The same weekend, the prime
minister went to deliver a speech to the General Assembly of the Church of
Scotland on The Mound -- it
became known as the Sermon on The Mound -- and she argued that Christianity
should be about individual redemption and not at all about social progress or
social campaigns. This came as something of a surprise to the elders of the
Church of Scotland who were engaged in debating exactly such social campaigns
and then presented the prime minister with the reports on poverty and housing
which they just passed.
The following Tuesday, as a young
impudent whippersnapper member of parliament in the House of Commons at Prime
Minister's Questions, I asked the prime minister to remind the House of the
captain of Celtic's name, to whom she had presented the cup, and the name of
the moderator of the General Assembly.

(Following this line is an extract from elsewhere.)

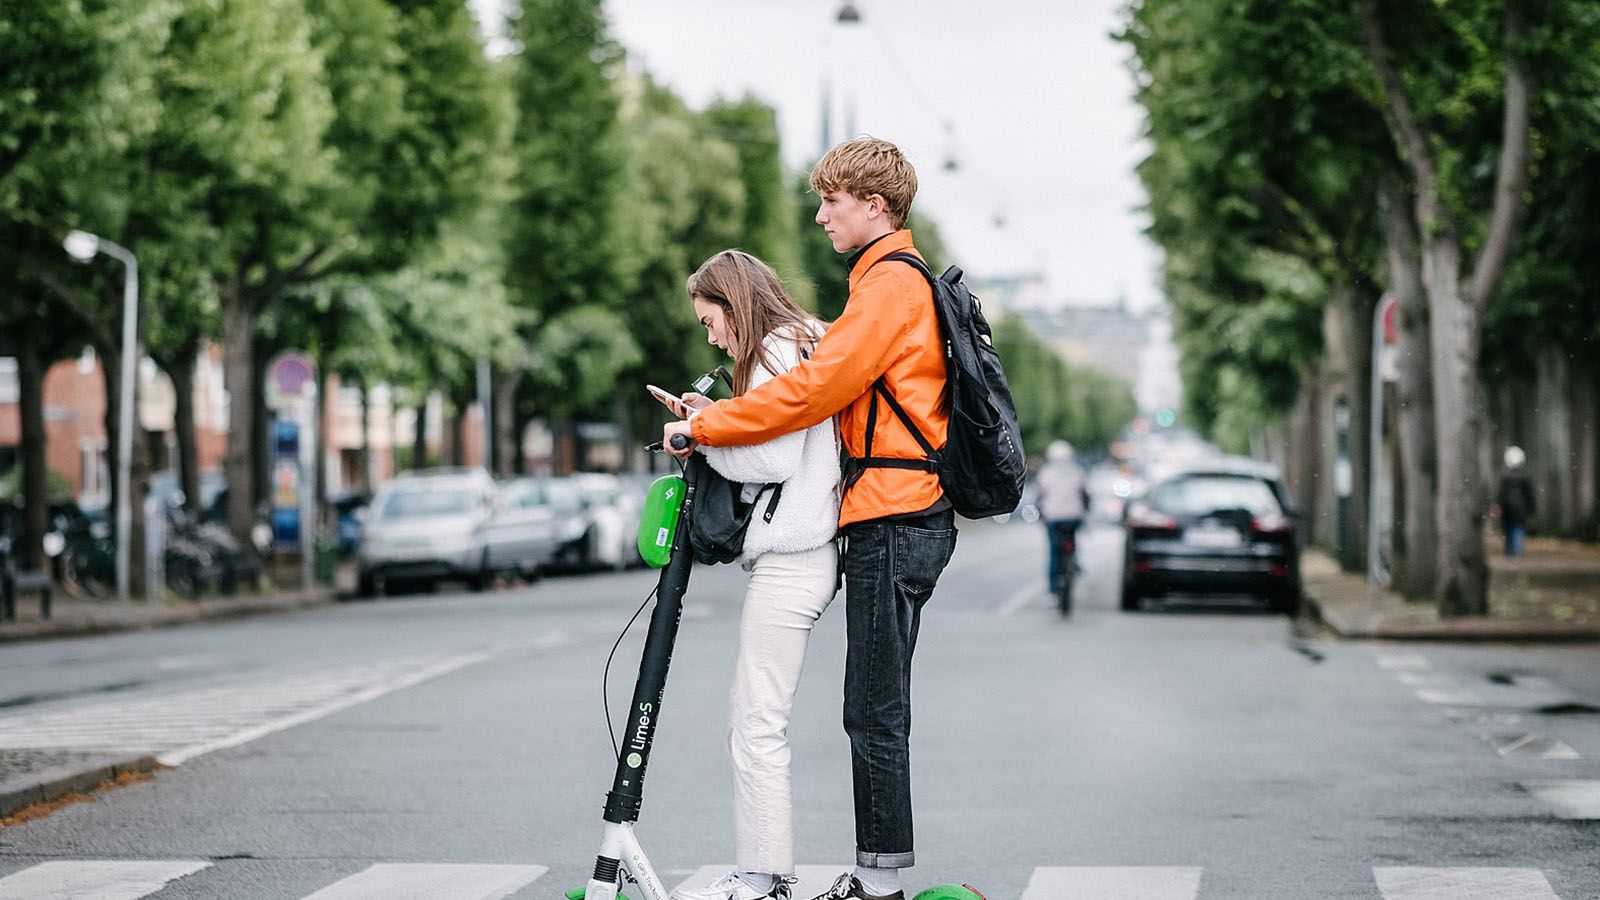 Two people riding a electric scooter

She didn't think that was a very good
The point is, that was a huge sway
for Scottish society. I opposed Margaret Thatcher's economic policies, I
thought they were mistaken. But I've always held the belief that the reason
Margaret Thatcher had the political effect she did in Scotland was about the social
direction of her policies. [It was] exemplified in the poll tax but also in a
range of other statements such as, "There's no such thing as society. There are
only individuals," which ran counter to a collective consciousness of Scotland. What
is that collective consciousness if it's not a national consciousness?...
It was indeed an unintentional effect.
I think it genuinely puzzled her. I suspect what she was running across was a
different national consciousness. The poll tax wasn't just unpopular in
Scotland, but it didn't have the same political effect because in Scotland it
represented a wider social agenda that people found impossible to accept. Therefore,
I quite freely say that she did accelerate the move toward a Scottish
parliament because people no longer saw the parliament as a nice idea. They saw
it as something essential to protect the social fabric of the country.
In his speech, Salmond discussed the role he foresees an
independent Scotland playing in the international system. The SNP's position is
that Scotland would continue to be an EU member upon independence -- the EU is a
more ambivalent on this point -- but would likely continue to use the pound. Salmond also believes his country should join NATO, though he would like to see the
U.K.'s Trident Nuclear
System removed from its current location on the west coast of Scotland.
The nuclear issue has loomed large in the independence
debate, with Prime Minister David Cameron -- who opposes
independence -- visiting Scotland last week to tour a nuclear submarine,
touting Trident's importance as a deterrent to North Korea and Iran.
Salmond dismissed the idea that nukes in
Scotland have any impact on North Korea, and in a brief interview with me after
the speech, lamented Cameron's refusal to debate him face to face:
The case of the Union should be
presented in its full honest face. That is the prime minister of the United
Kingdom whose policy framework determines what happens over many key areas of
Scottlish life. He is the face of the bedroom tax. He is the face of social
inequality. He is the face of the lack of success, of frustrating Scotland's
economic potential. He is the face of the Union and therefore should be
prepared to debate openly with me on television in the run-up to this
That's the debate the country wants
to see. It's one thing to sail up the River Clyde in a nuclear submarine. It's
another thing to walk into a television studio and debate with the leader of
the independence movement why he doesn't think Scotland should be an
independent country. I'll tell him the reasons why it should. Then people can
decide which face they like better....
He has chosen to sail in, nuclear-clad, to tell us why should remain under London control. So he has abandoned his
high ground of disinterest and decided to get in there swinging. Once you've
done that you can't avoid a debate. He's going to get dragged kicking and
screaming into a television studio where we can have this out.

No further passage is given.